■ **What is needed**
Below are entries. Give back exactly the lines from the one containing "Patricia Grand Hotel" through the one containing "Palhaços - Clowning", inclusive, without the pictures.

■ **Task inputs**
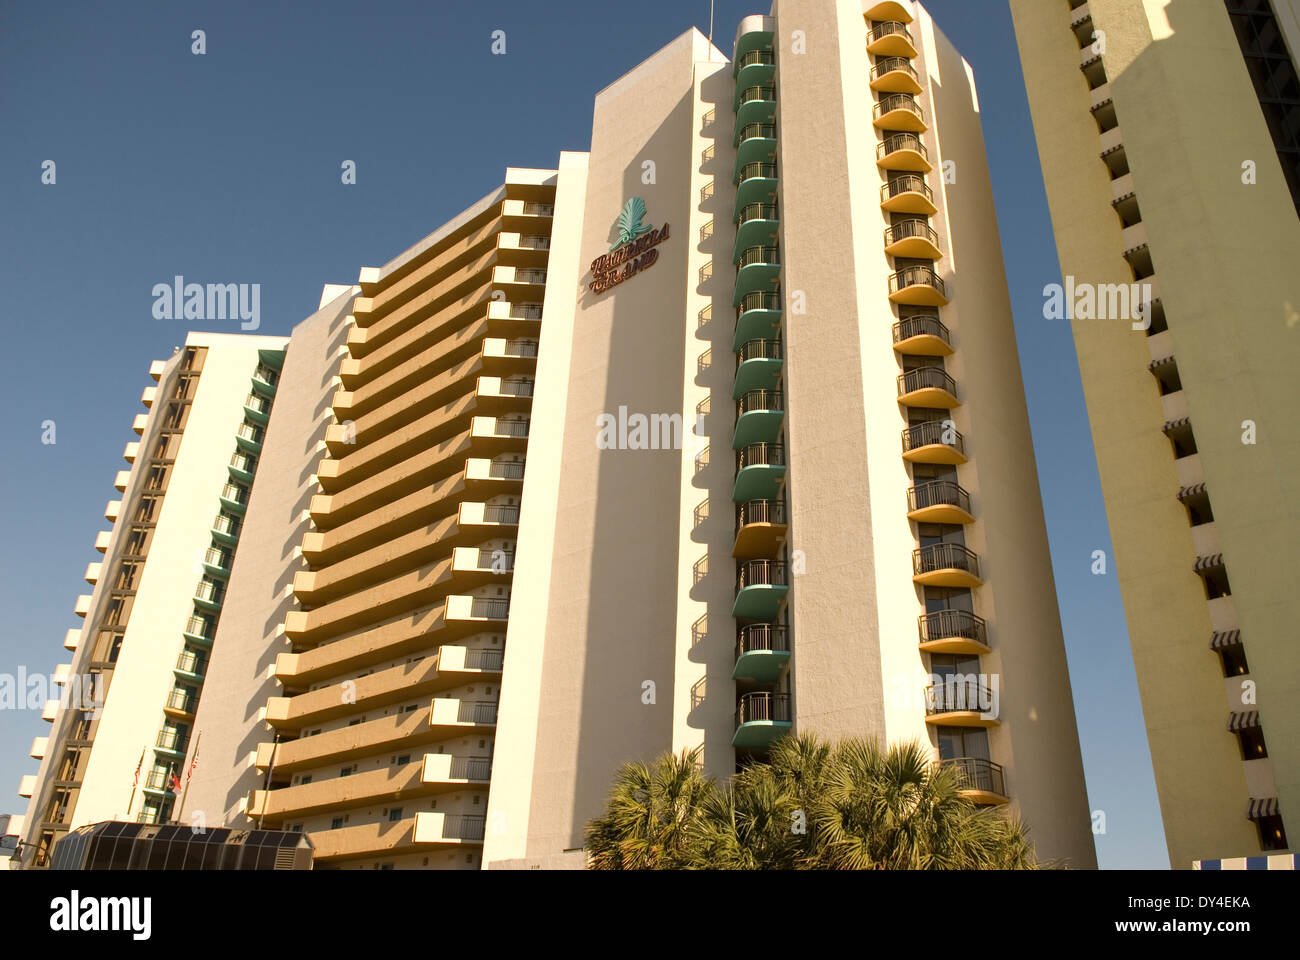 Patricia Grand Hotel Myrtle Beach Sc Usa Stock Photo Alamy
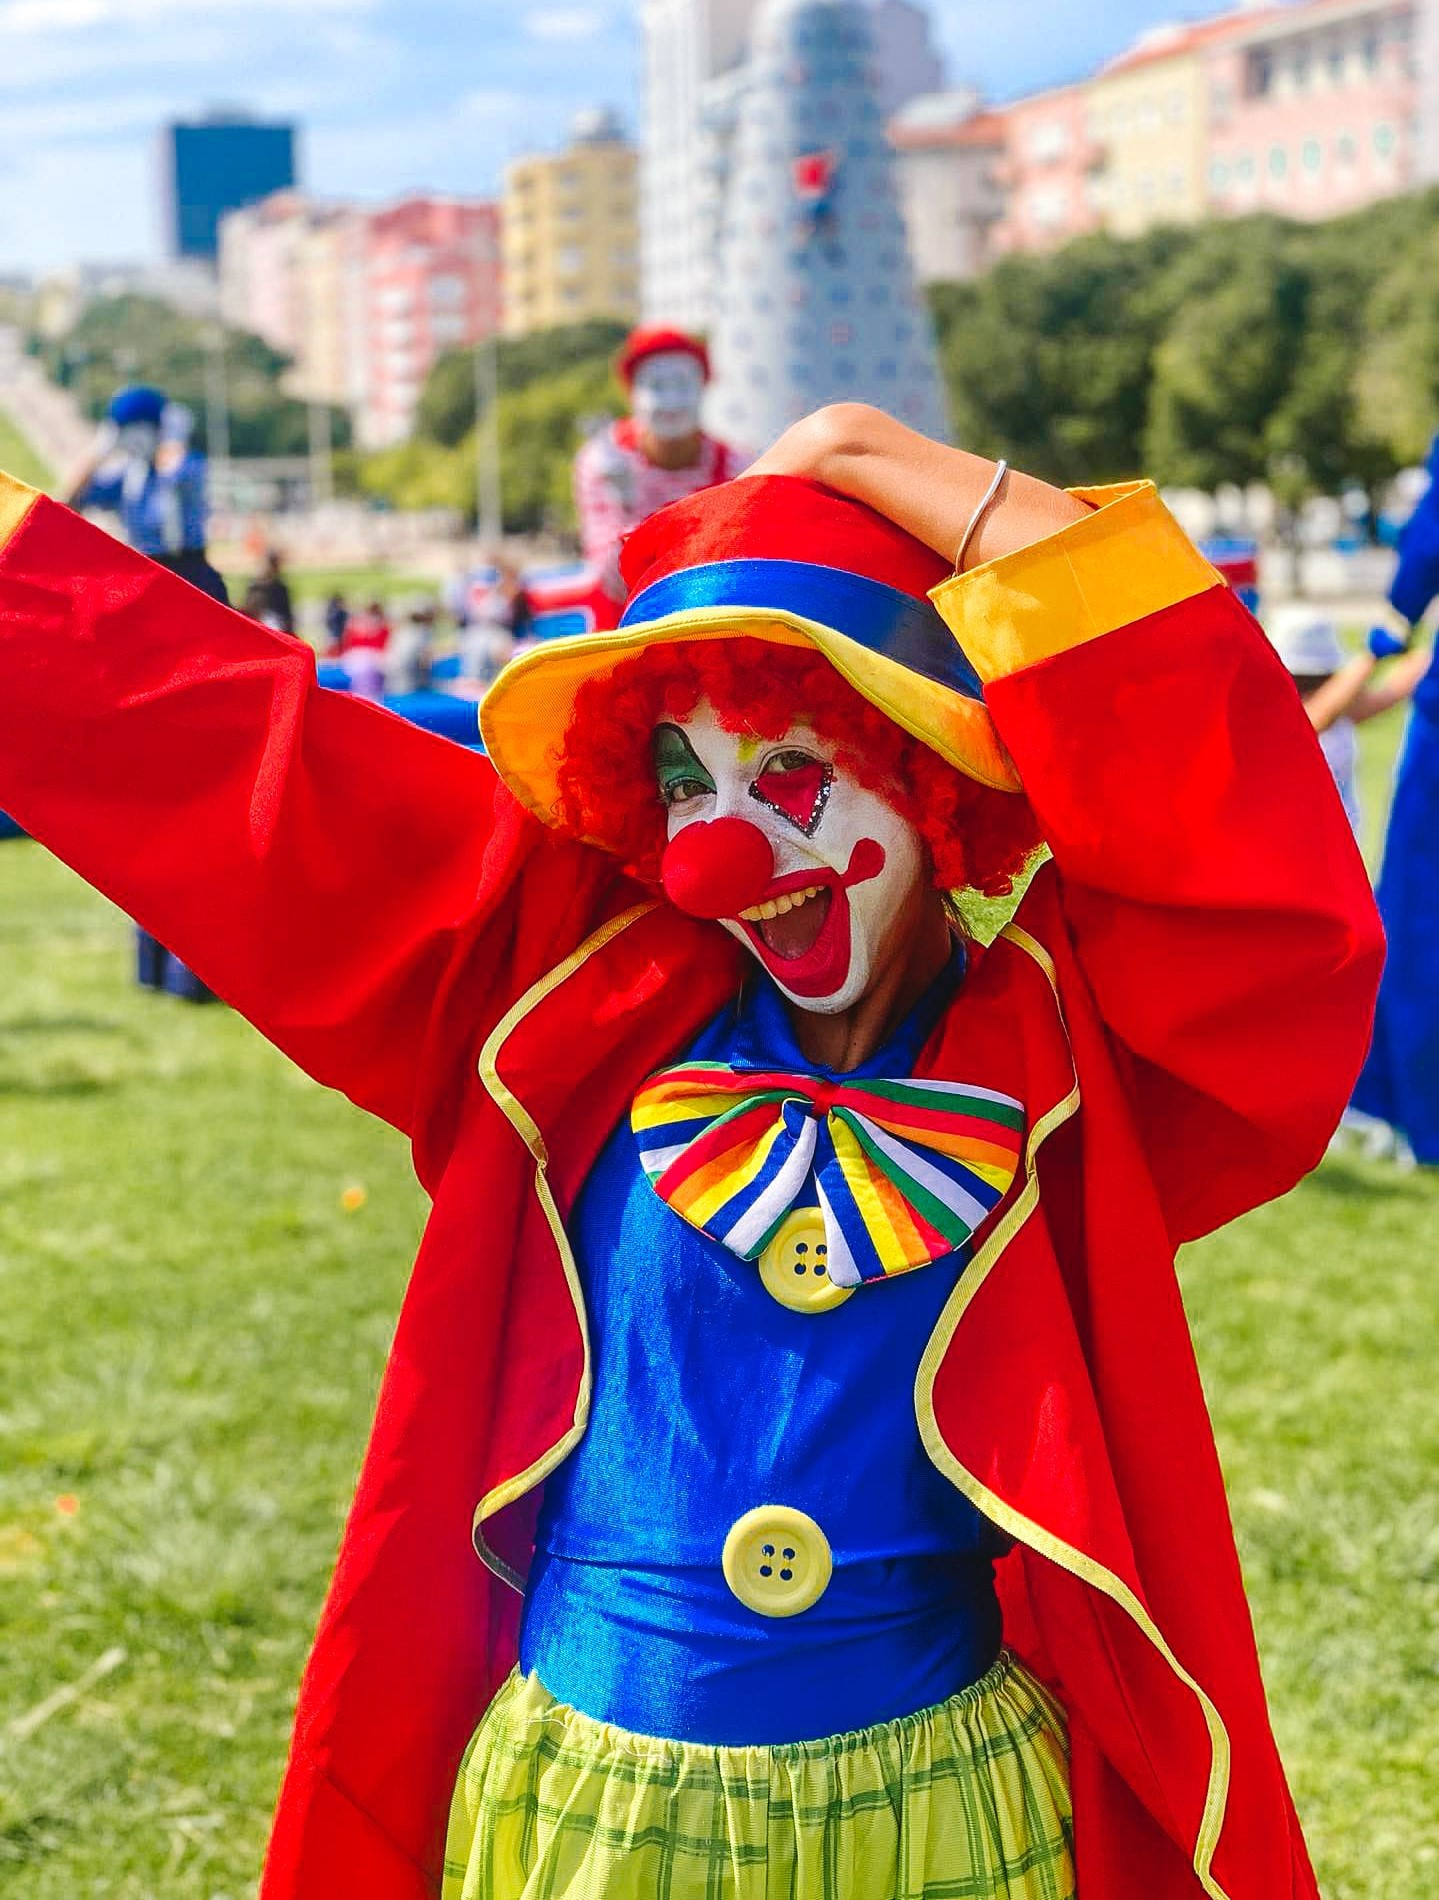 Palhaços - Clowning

* * *

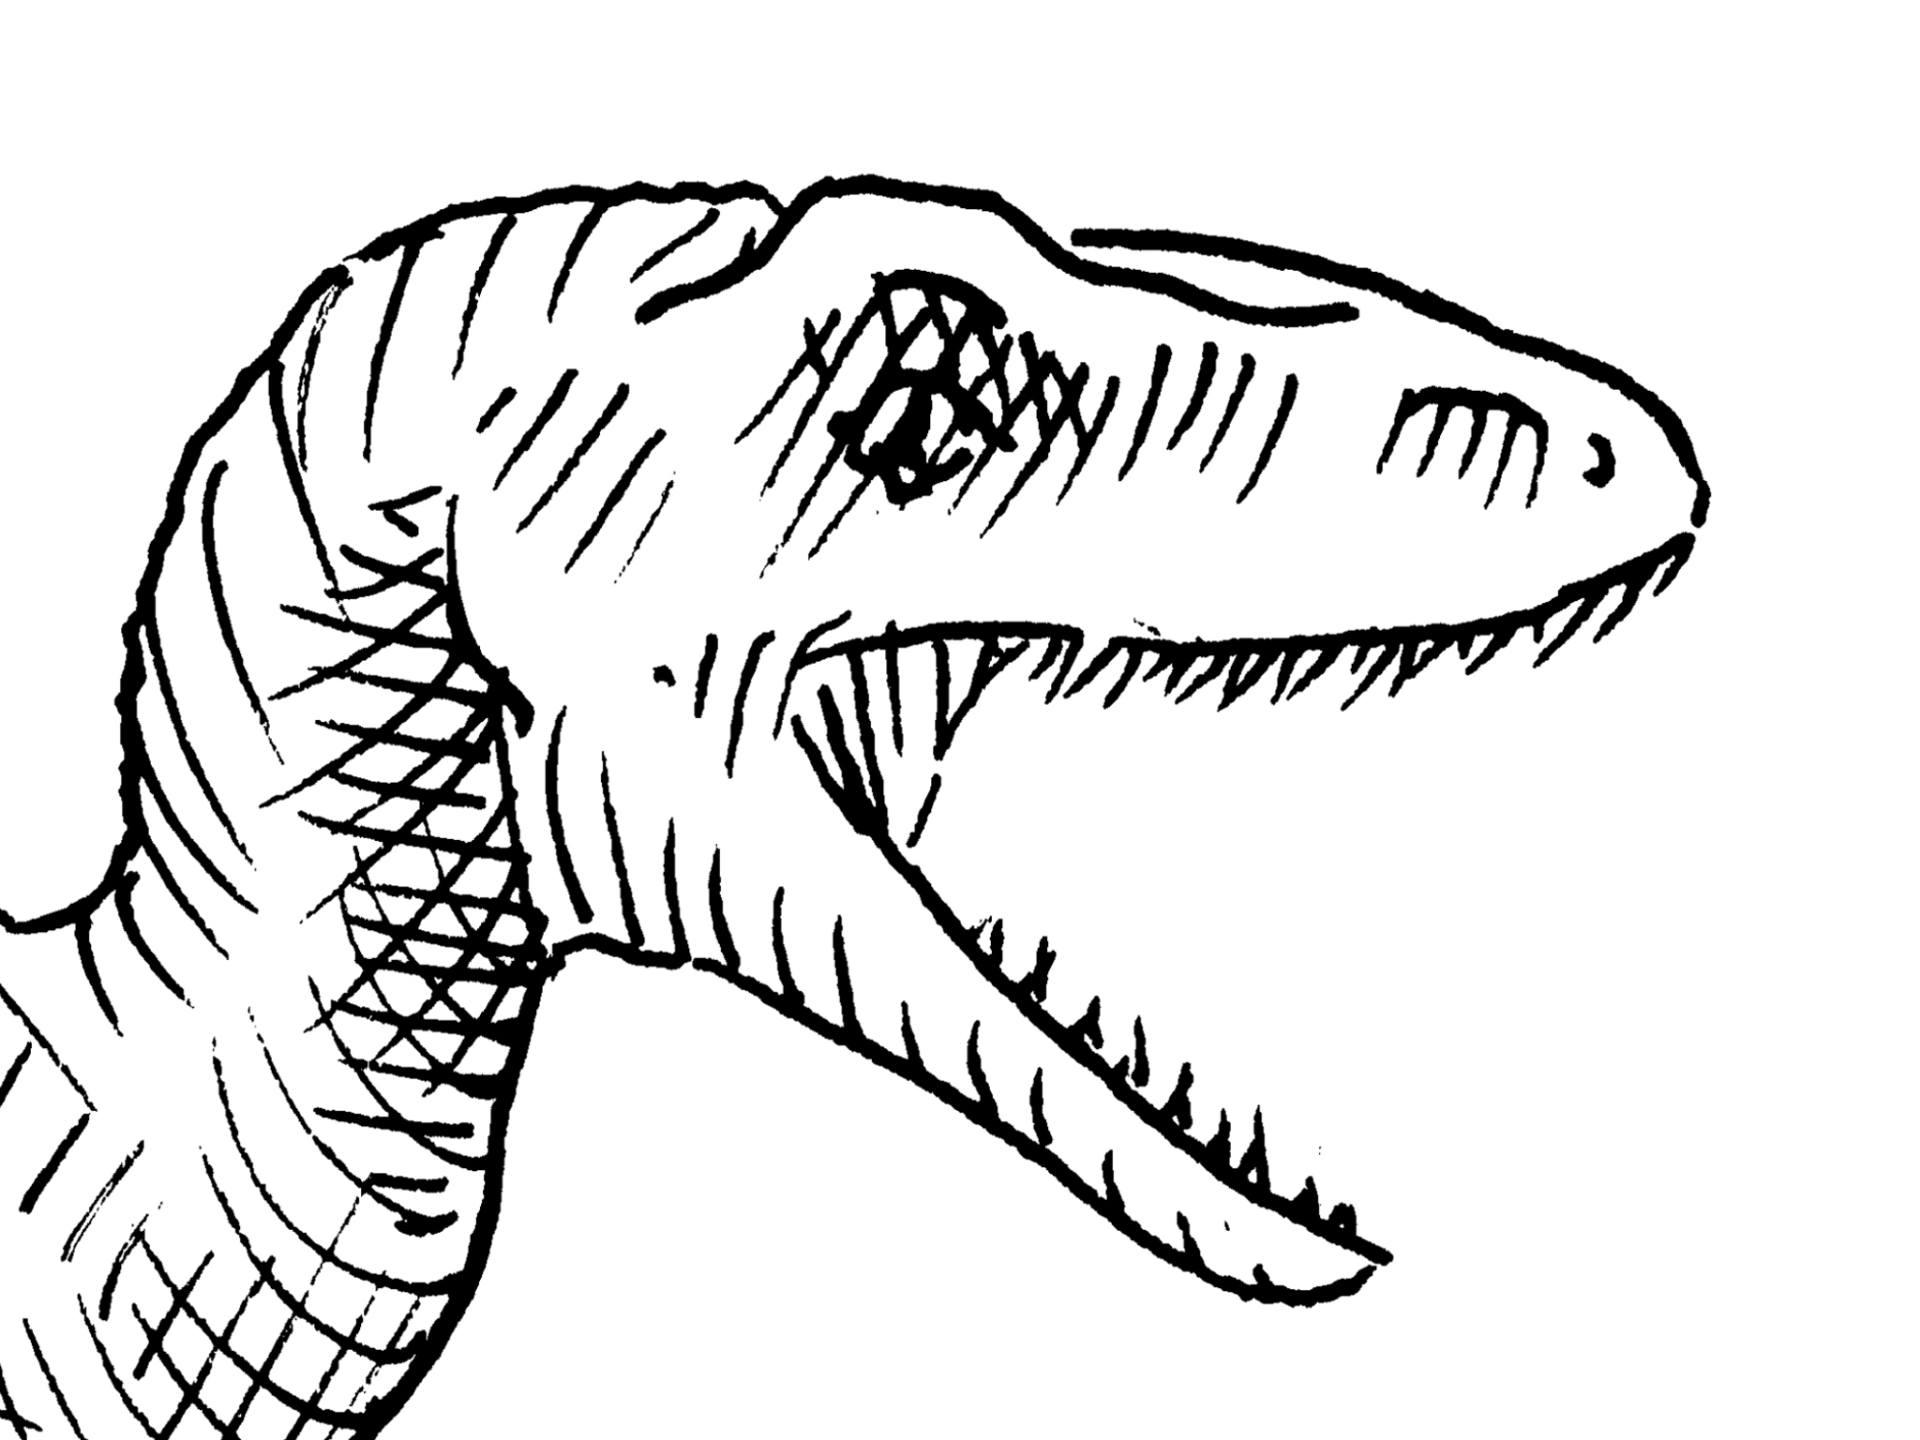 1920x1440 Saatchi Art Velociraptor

■ **Written answer**
 Patricia Grand Hotel Myrtle Beach Sc Usa Stock Photo Alamy
 Palhaços - Clowning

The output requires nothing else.